Respondent’s position regarding the deductibility of intangible drilling and development costs is twofold. First, he contends that, as a general rule, only the intangible costs of drilling those shafts drilled after a taxpayer has decided to commence preparing to produce a reservoir fall within the definition of IDC. Second, he would allow as IDC the intangible costs of drilling “wells,” even if they are drilled prior to the time the taxpayer decides to commence preparing to produce a reservoir. This latter allowance is functionally limited, however, by respondent’s restrictive definition of what is a “well” for these purposes, i.e., that a “well” is a shaft drilled with the intention of producing from that shaft any hydrocarbons encountered by that shaft in commercial quantities. Respondent would deny that the costs of drilling a shaft not meeting his definition of “well” qualify for the intangibles option.
Though we will now analyze and deal with each strand of respondent’s theory, we note that we find little, if any, distinction between the theories presented by respondent in this case and those he presented, and which we rejected, in our recent decision, Standard Oil Co. (Indiana) v. Commissioner, 68 T.C. 325 (1977).
Respondent contends that, as a general rule, the intangible costs of drilling only those shafts drilled after a taxpayer has decided to commence preparing to produce a reservoir fall within the definition of IDC. He derives this position by initially focusing on the operative language in the first sentence of section 1.612-4(a), Income Tax Regs., which says, “intangible drilling and development costs incurred by an operator * * * in the development of oil and gas properties may at his option be chargeable to capital or to expense.” (Emphasis added.) Thus, respondent concludes that only those intangible costs incurred in the development of oil and gas properties fall within the definition of IDC. Building on that assumption, respondent then seeks to build a case for the proposition that “development” occurs only after a decision to produce from a particular reservoir has been made.

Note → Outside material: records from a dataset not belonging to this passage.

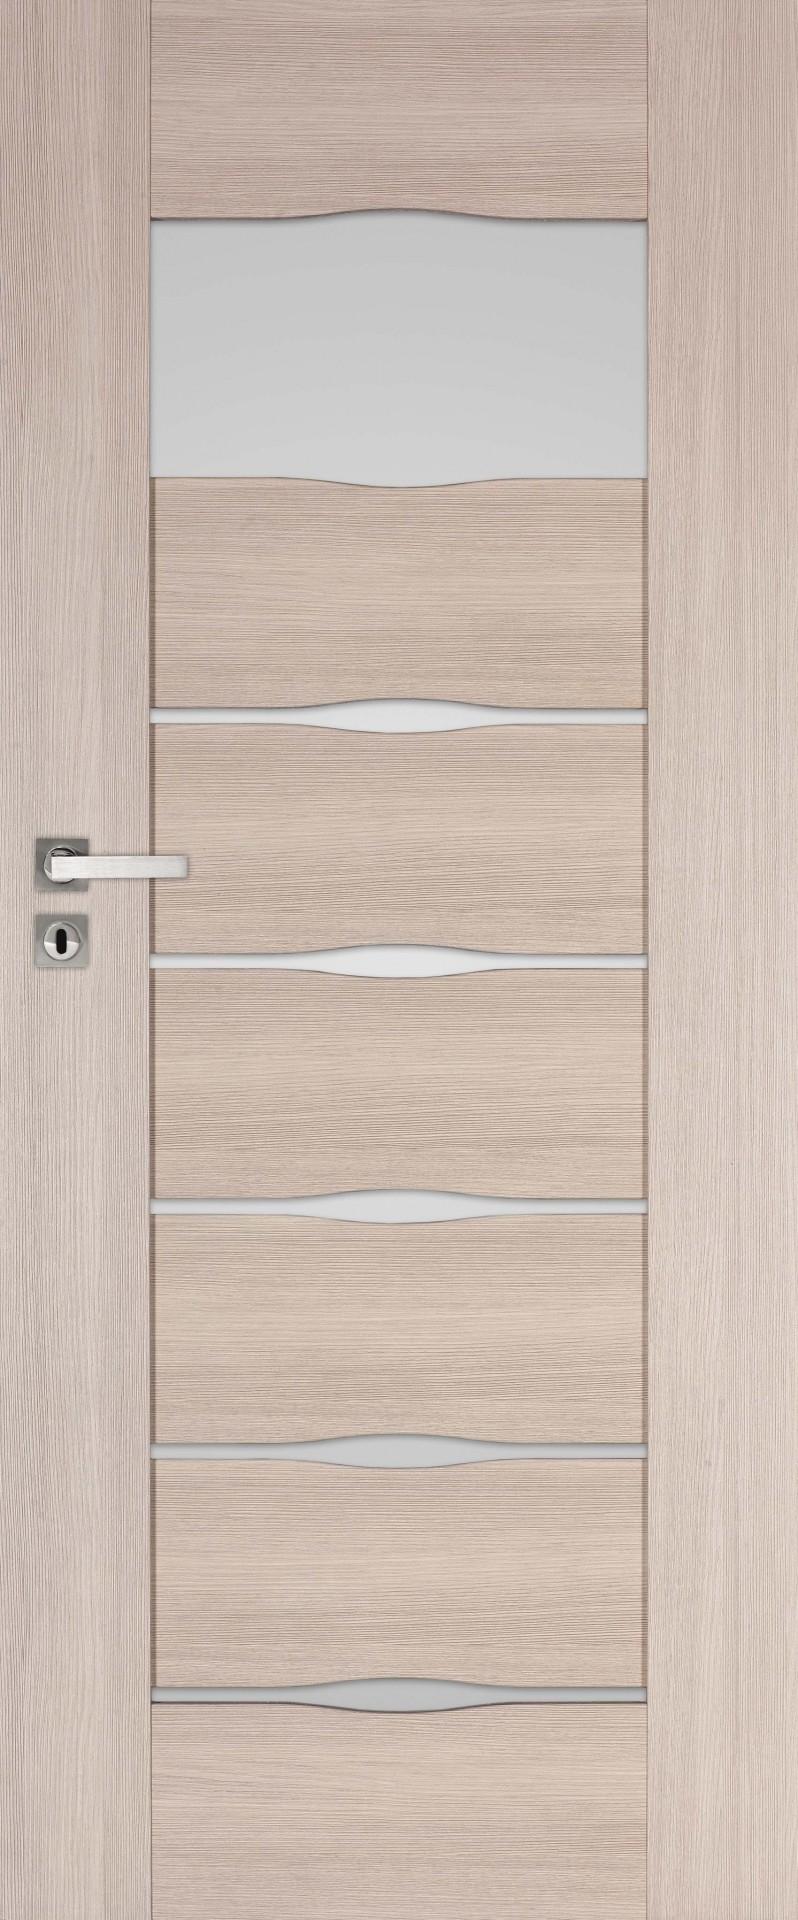 Dre dveře VERANO 1, Šíře v cm 80
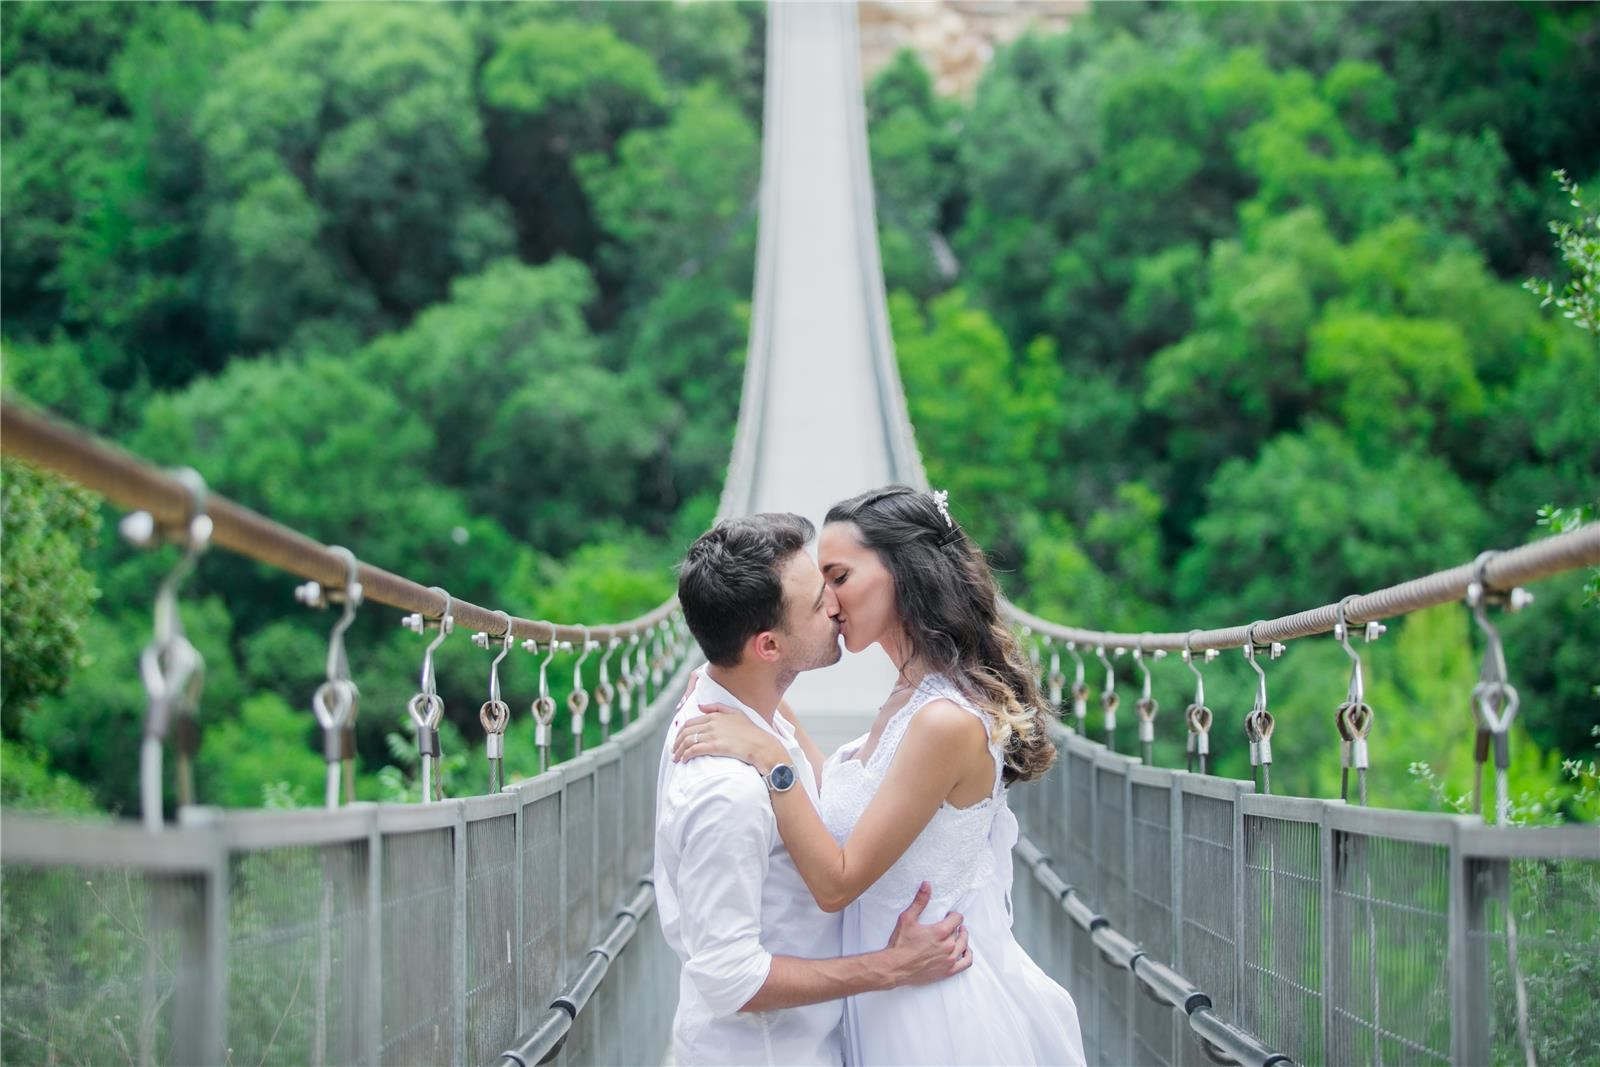 זוג על גשר (צילום: דניאל -stravo)
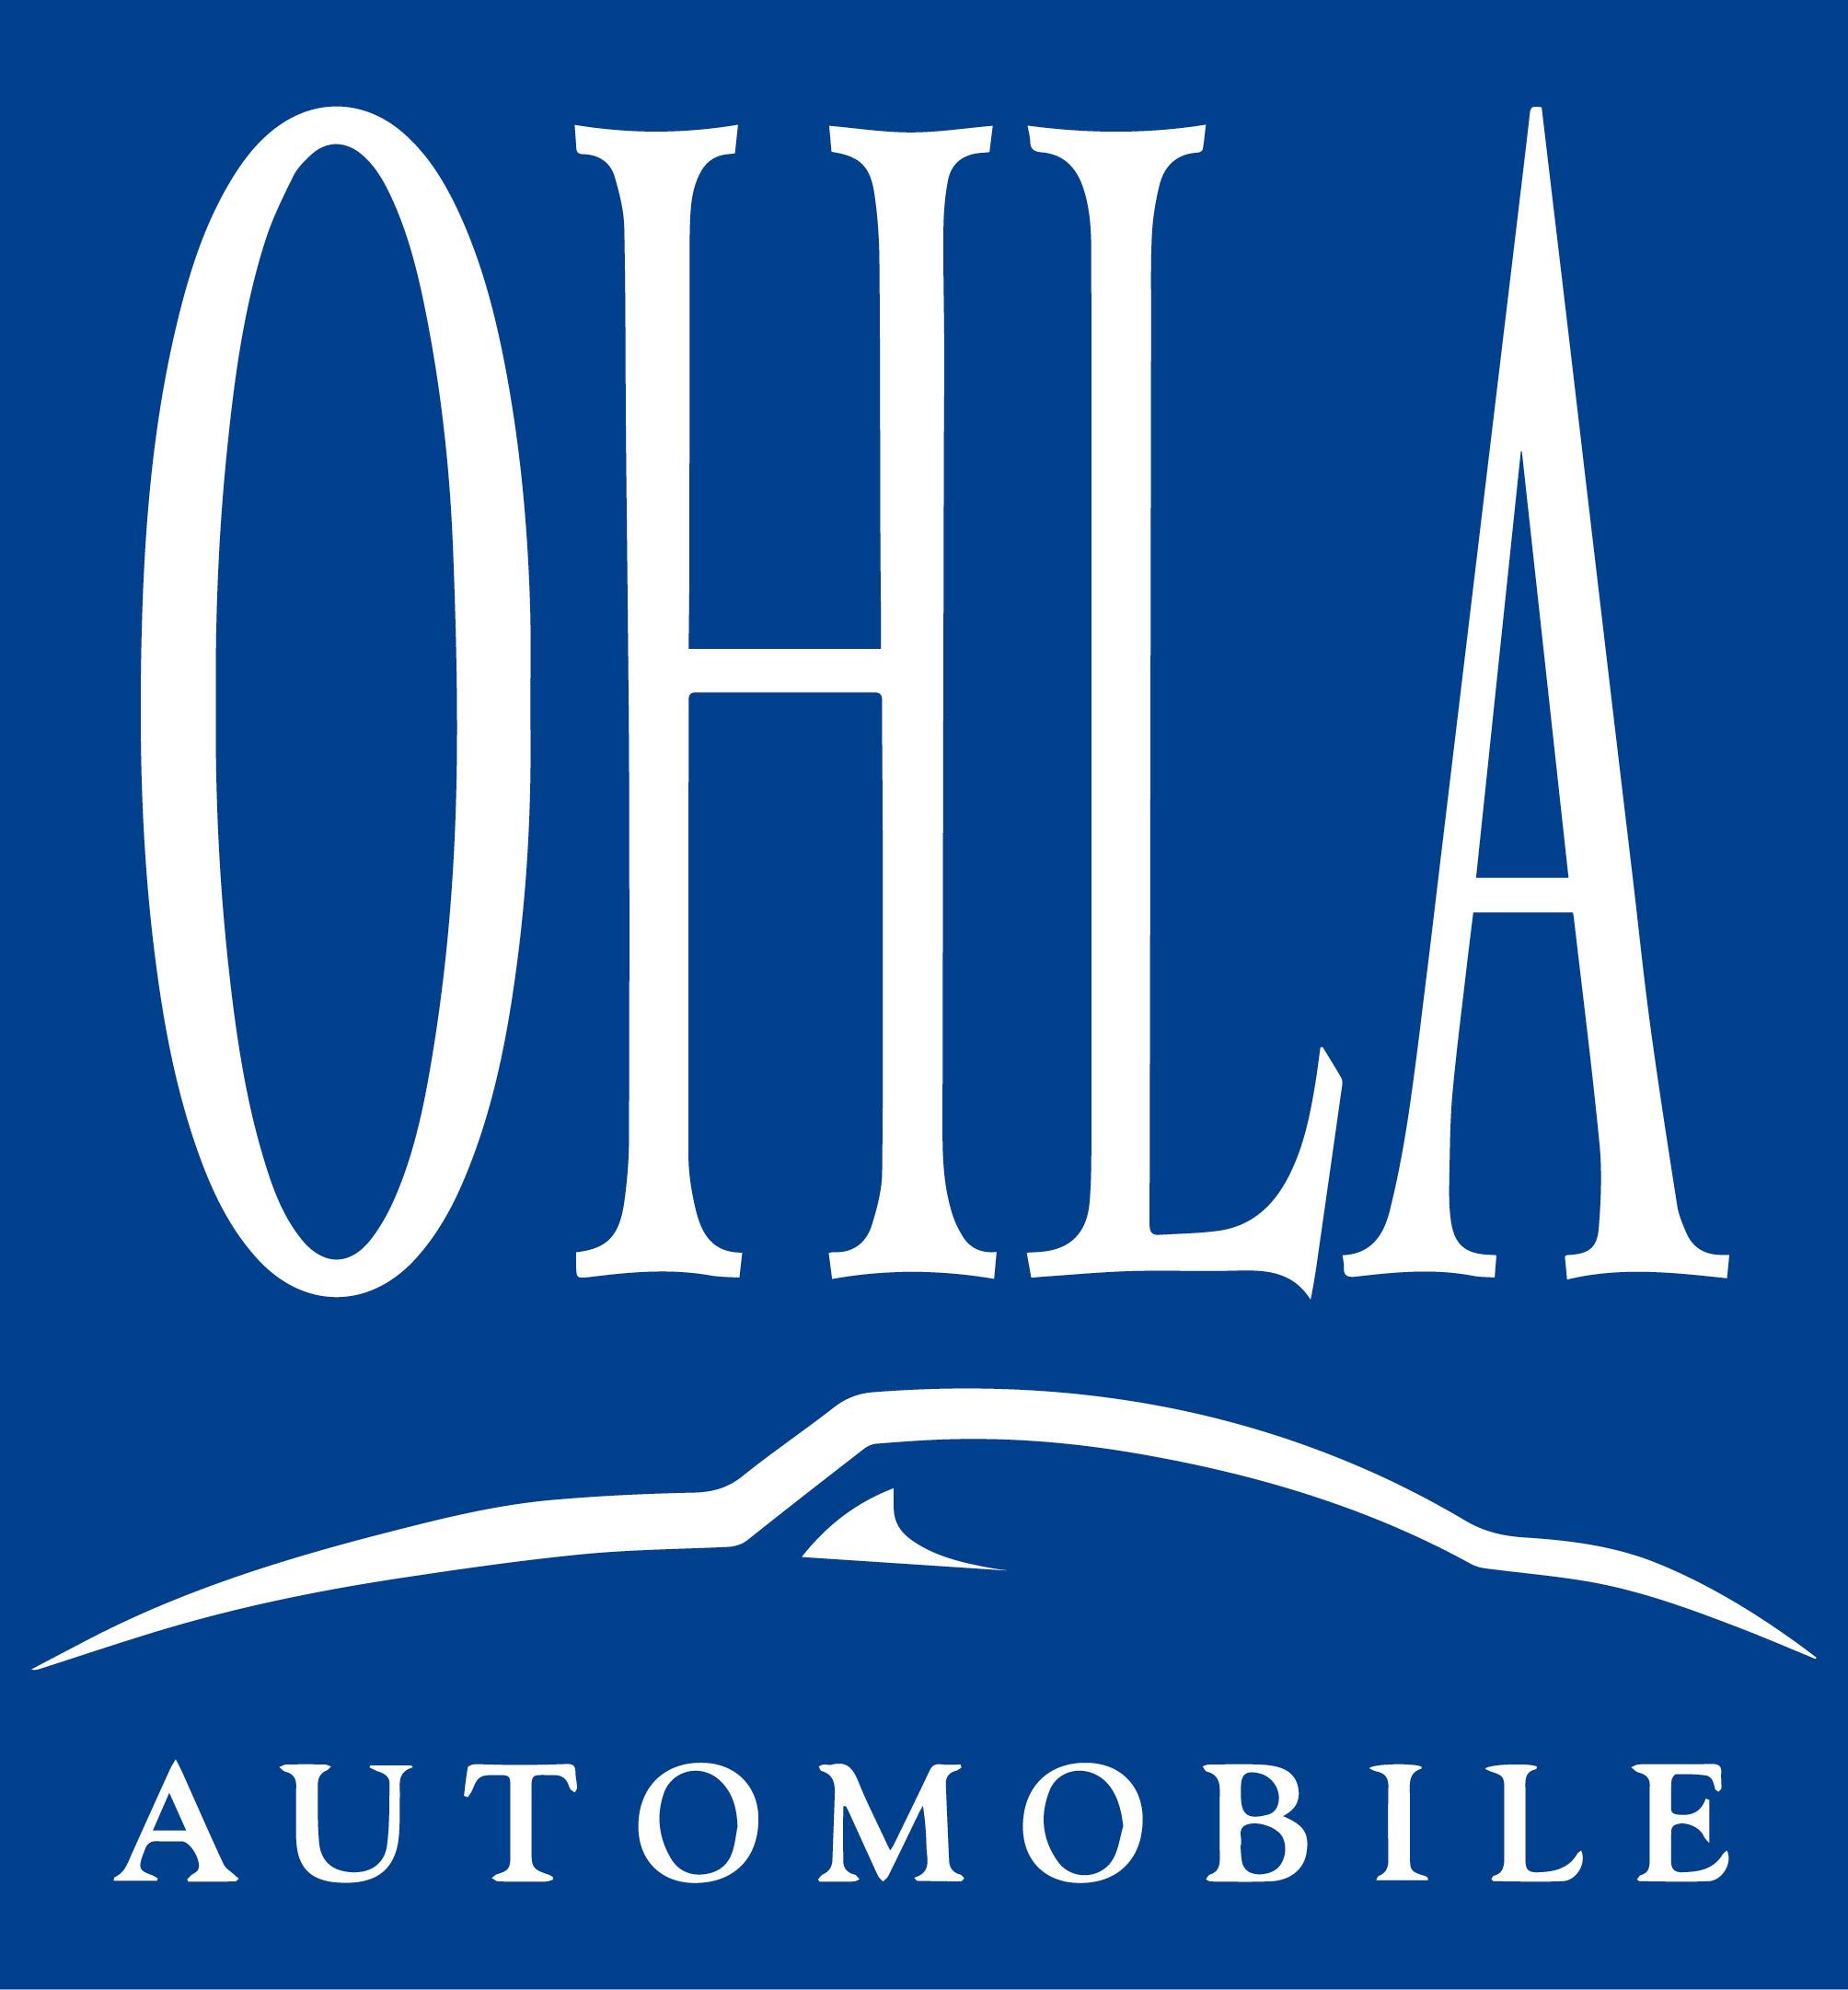 OHLA-AUTOMOBILE GmbH
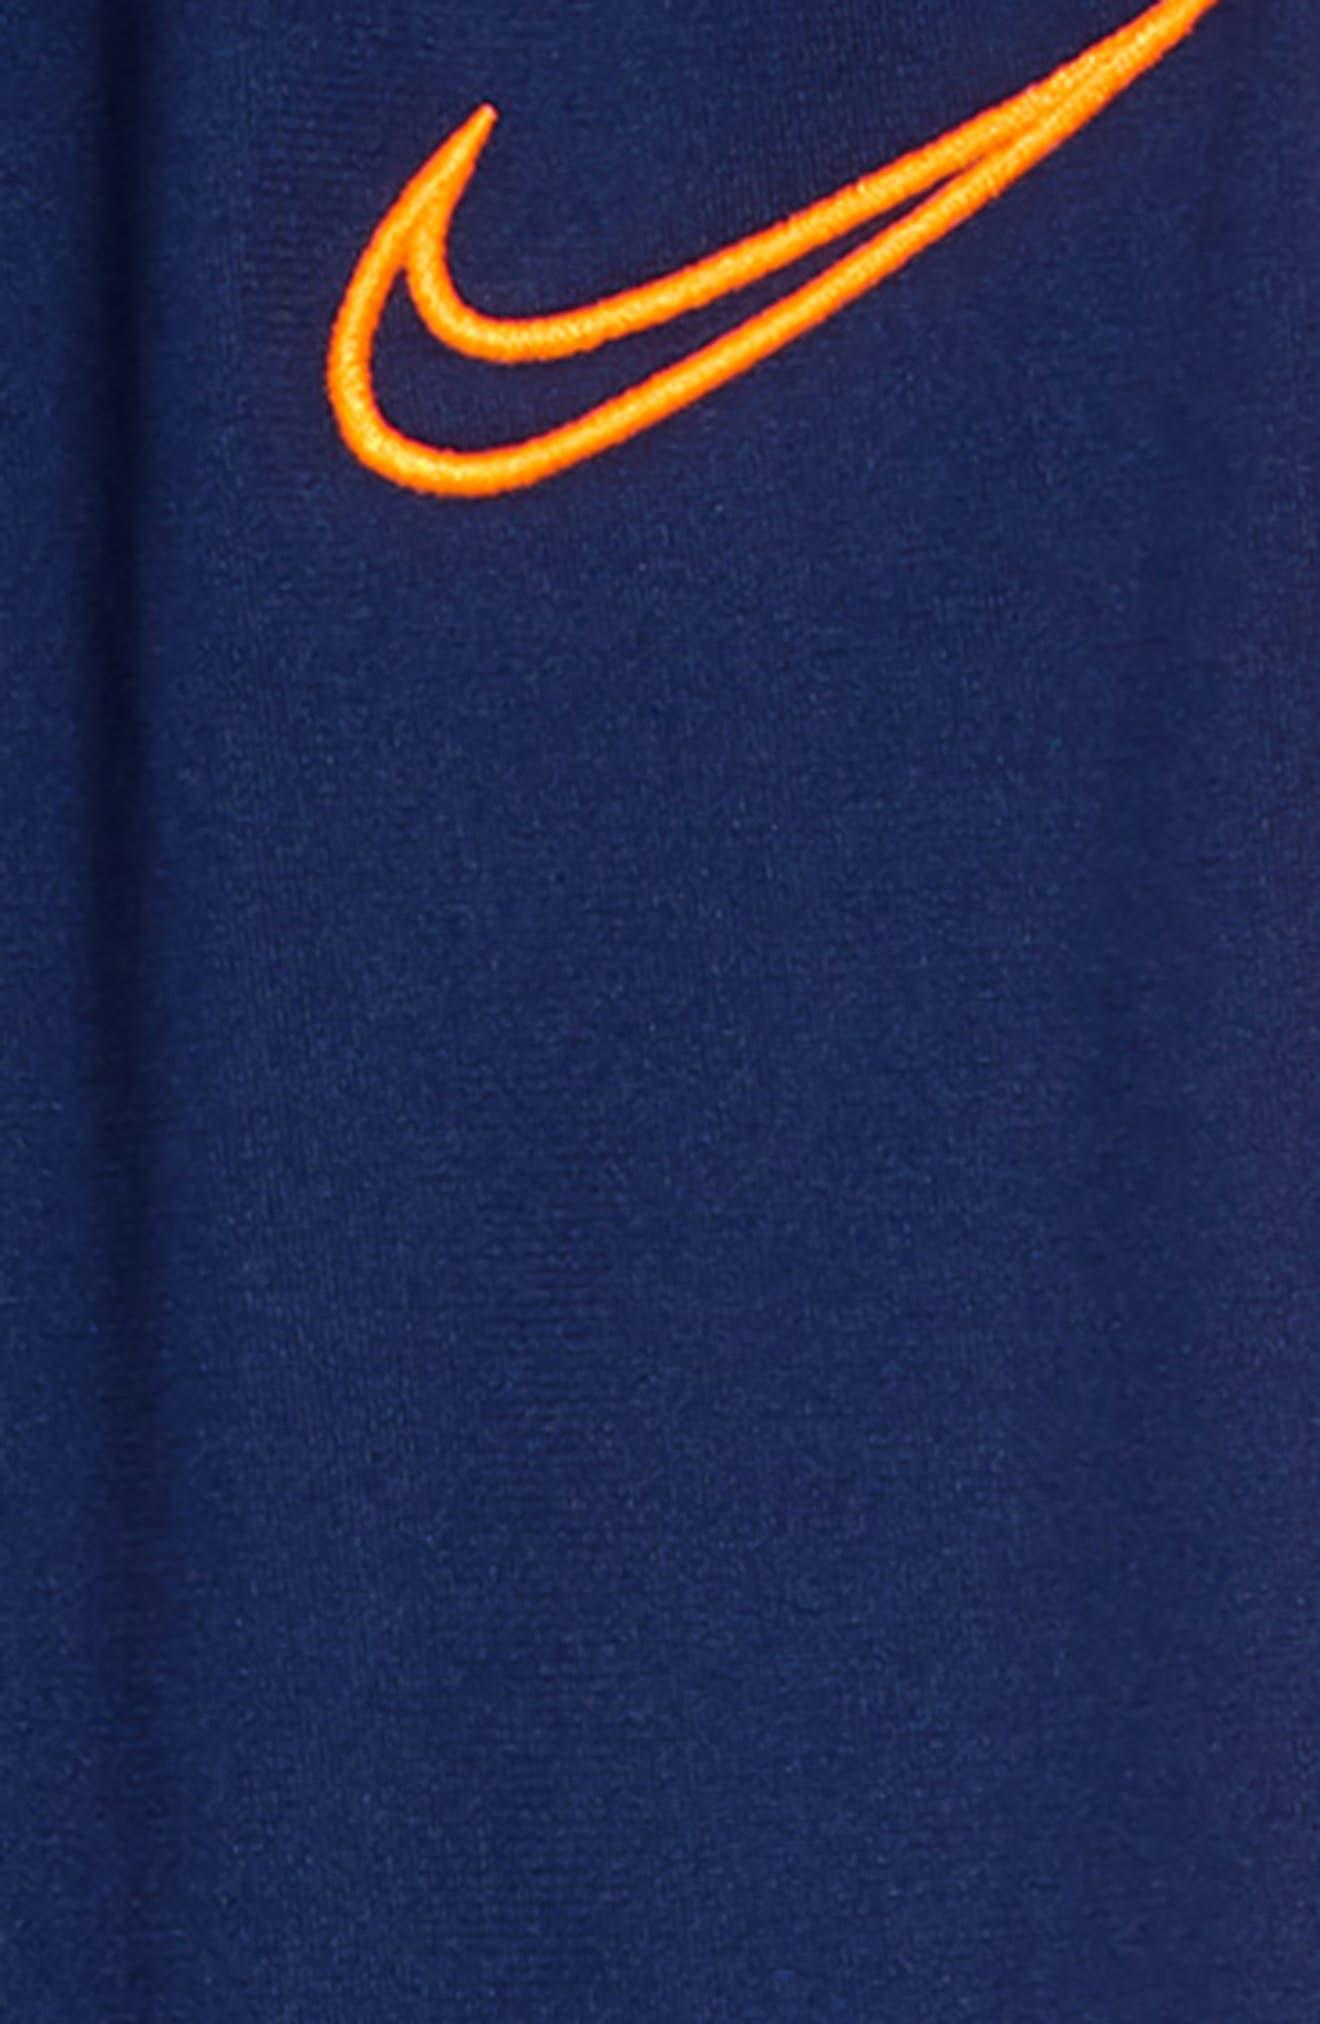 ,                             Academy Dri-FIT Sweatpants,                             Alternate thumbnail 2, color,                             BLUE VOID / TOTAL ORANGE

Based on that tenet, he would classify some wells as “exploratory” and some as “developmental,” the distinction depending on whether such wells were drilled before or after a decision to produce from a certain reservoir had been made, and would deny the IDC option with regard to the intangible costs of drilling the so-called “exploratory” wells. We could not be more convinced that this chain of reasoning and its resulting effect are erroneous.
The weak link in respondent’s theory is the conclusion that “development” occurs only after a decision to produce from a particular reservoir has been made. He bases this theory on an inapposite analogy to the hard minerals income tax provisions. Sections 616 and 617 specifically define and set forth the treatment of development and exploration expenditures incurred in extracting hard minerals. However, we find these provisions dealing with hard minerals of little relevance in our consideration of the intangibles option for oil and gas development for the following reasons: (1) The option to deduct IDC incurred in the development of oil and gas properties has existed in some form since 1917, while the predecessors of both section 616 and section 617 were not enacted until 1951; (2) the obvious functional differences between hard mineral mining and hydrocarbon drilling show that, although it is easy to establish a clear line of demarcation between exploring for hard minerals and developing mines, that line is undrawable in the oil and gas context; (3) the specific language of section 616 and section 617 exclude their application to oil and gas wells;6 and, finally (4) while section 616 speaks of the “development of a mine” section 1.612-4(a), Income Tax Regs, speaks of “the development of oil and gas properties.” (Emphasis added.) When the intangibles option was first provided, the development of oil and gas properties was percieved as the activity following the acquisition of those properties. Though a distinction has been made between activities before and after the decision to drill is made (Louisiana Land & Exploration Co. v. Commissioner, 7 T.C. 507 (1946), affd. 161 F.2d 842 (5th Cir. 1947), no one other than the Commissioner has ever conceived that a well could be drilled not in the development of oil and gas properties. The use of the word “development” in sections 616 and 617 is a term of art applicable only in the context in which it was enacted in those sections; i.e., hard minerals.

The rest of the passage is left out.